The market for apps for iPads, iPhones, Android devices and other platforms seems to be insatiable – analysts from International Data Corporation predict that the app market will grow at a 50% compound rate annually, surpassing $35 billion in revenue by 2014. The rising popularity of apps led Kennedy to launch his business venture in early 2010 to digitize the nearly 120,000 licensed child care centers in the United States. Another estimated 200,000 state regulated home-based child care businesses are also potential users of Child Care Daily App.

Day Care Centers Leap from Paper to Flat Screens and Fingerprint Recognition
Kennedy and his wife Anne opened their first licensed child care facility, Annie’s Children’s Center, in 1995. As the number of children attending the centers grew to more than 300, so did the stacks of paper. Licensing requires that child care providers track and report daily activities, such as diaper changes, meals, snacks and sleep, for each child at the facility.

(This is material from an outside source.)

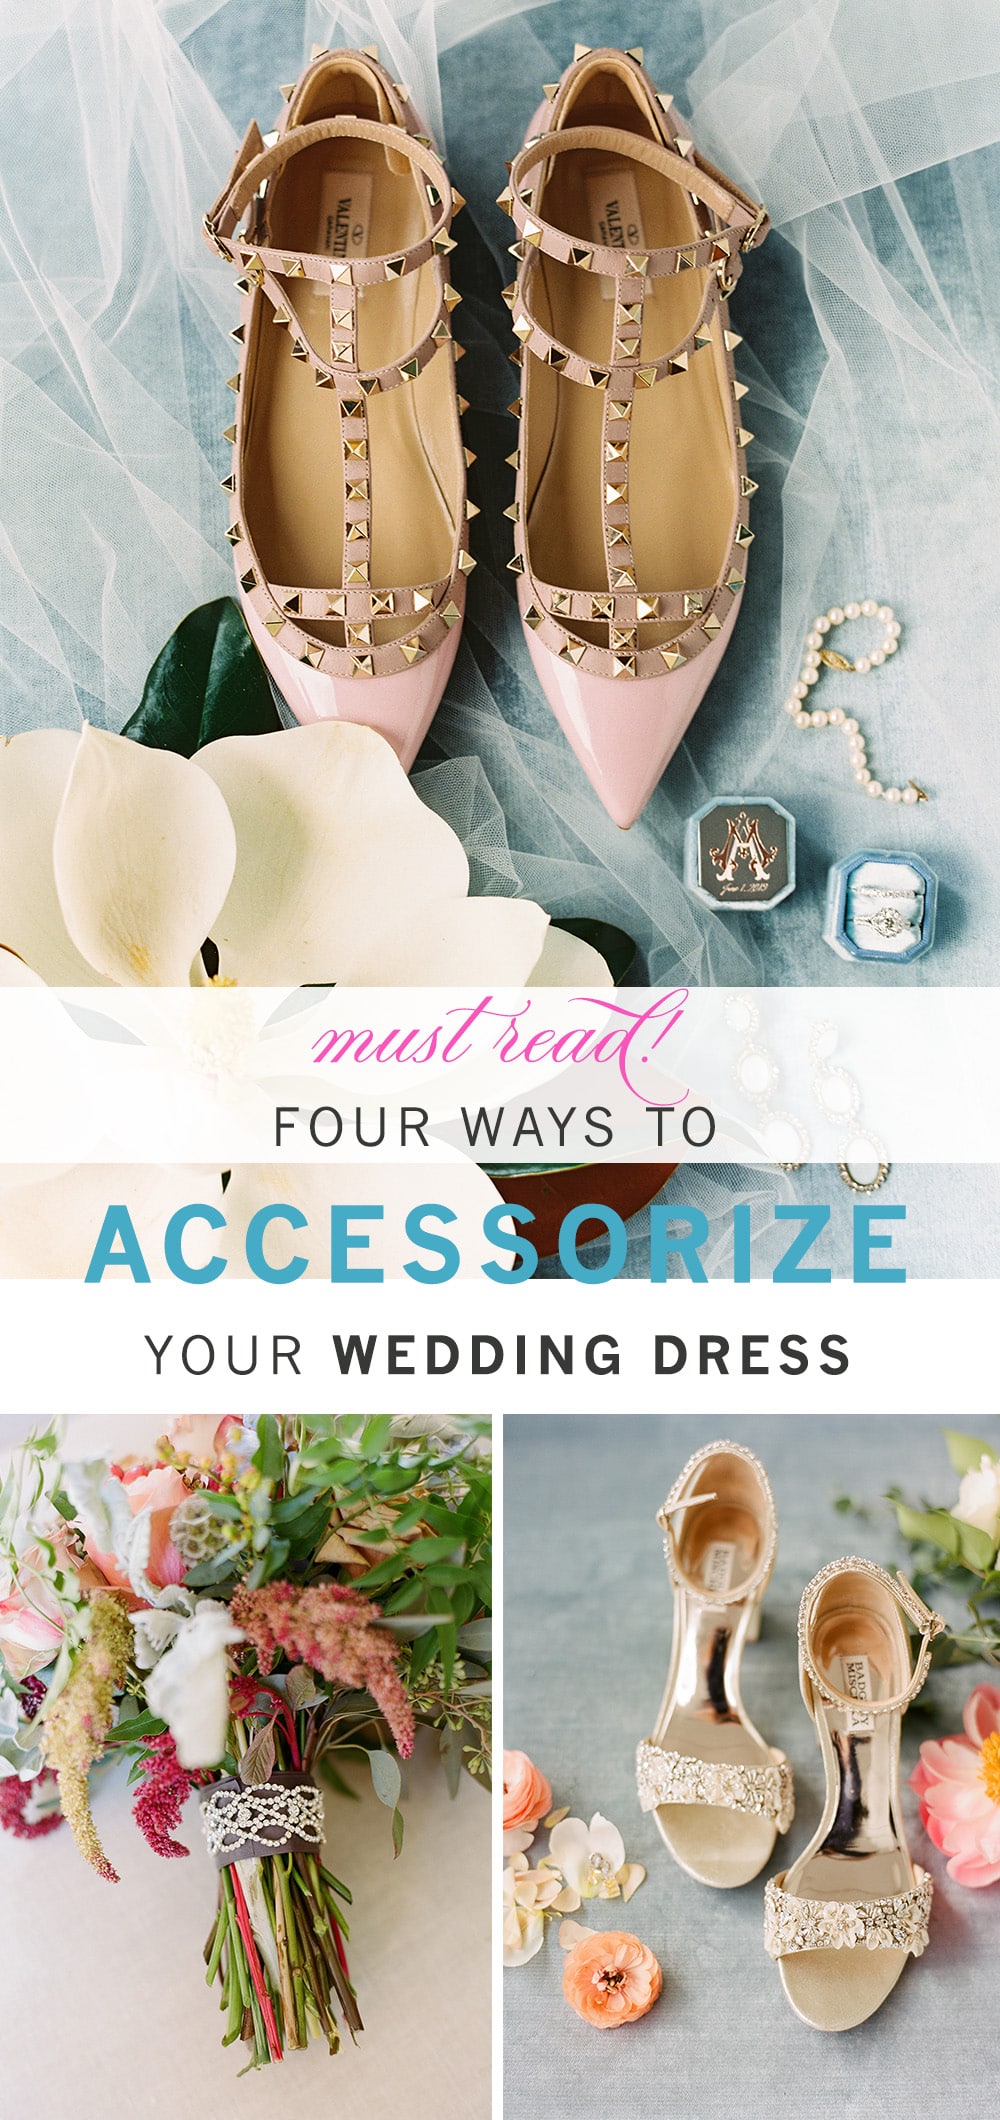 Four Unique Statement Accessories You Can Wear on Your Wedding Day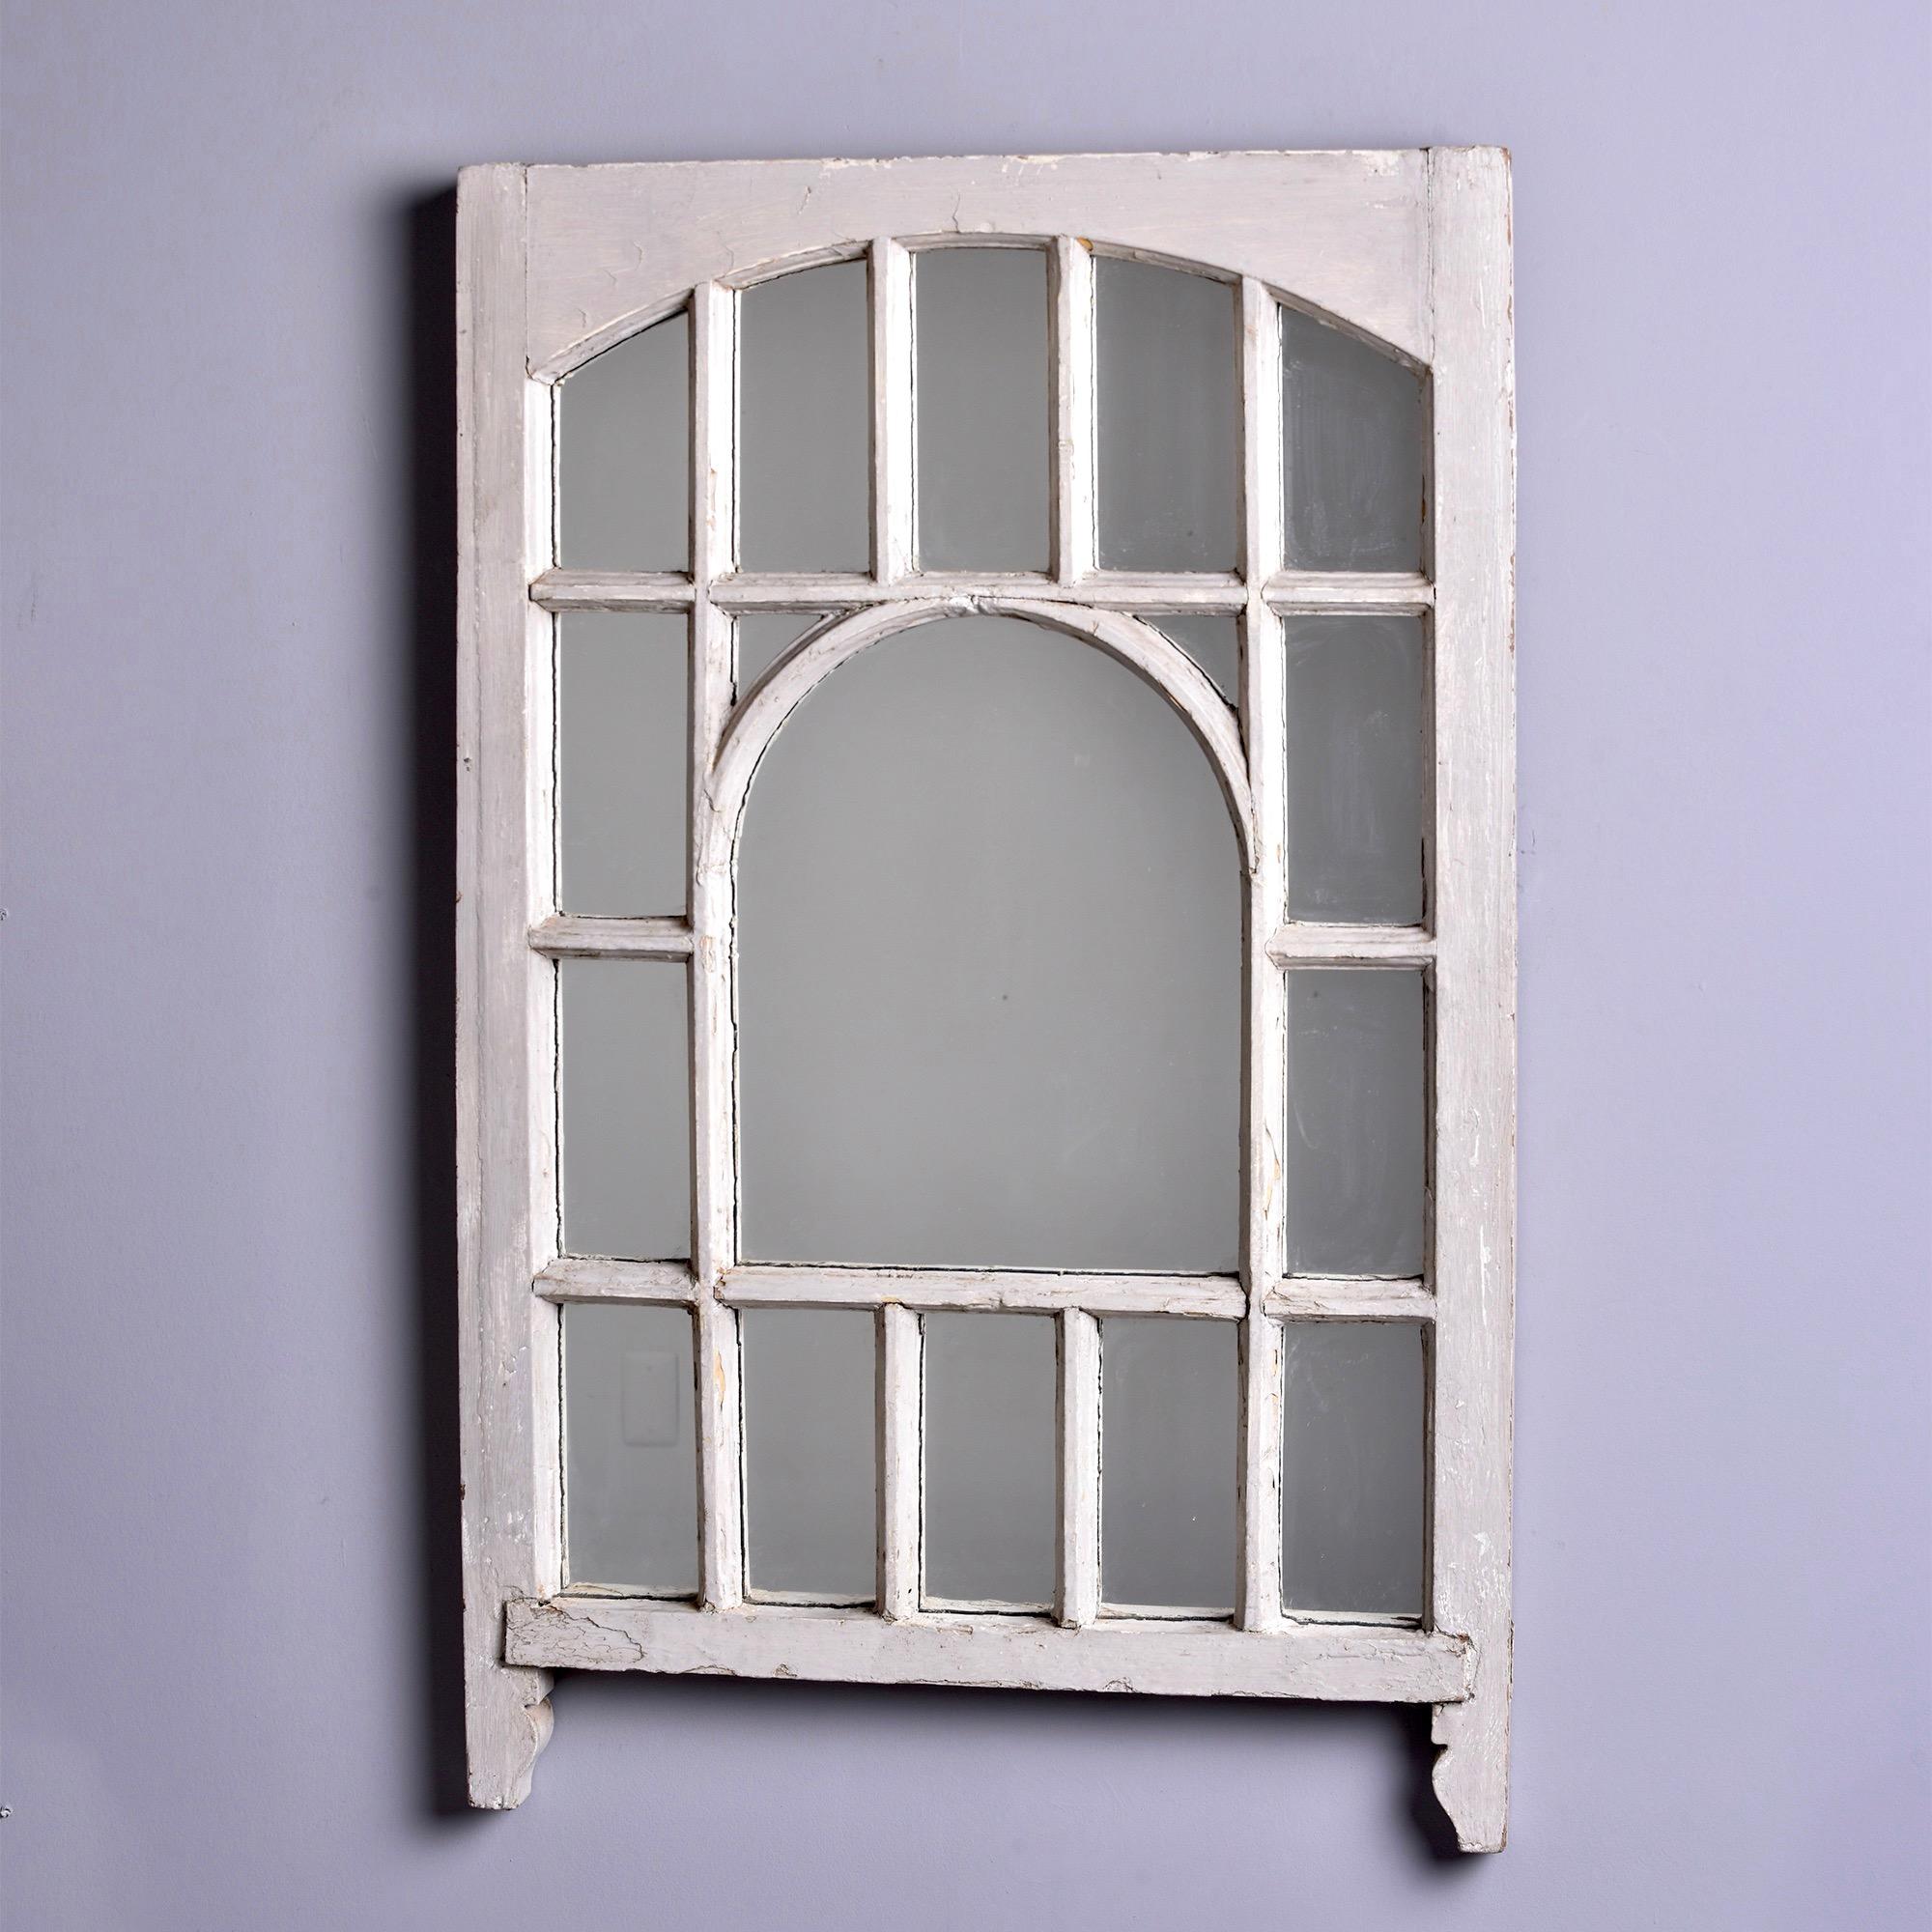 Early 20th C English White Painted Window Frame Mirror For Sale 1

“The child care industry is just starting to invest in technology for business functions like invoicing and for security like electronic fingerprint recognition for child pickups,” CCDApp CEO Rob Kennedy says. “Now that the computer equipment has become so much more affordable and portable with tablets, centers can take advantage of tools like CCDApp so that teachers spend less time generating paperwork and more time with the children.”

The communication service is being tested in Kennedy’s own three centers, as well as at IXL Learning Centers in Hamburg, Howell and Birmingham. Nearly 30 centers across the US have signed up for a 30-day trial of Child Care Daily App.    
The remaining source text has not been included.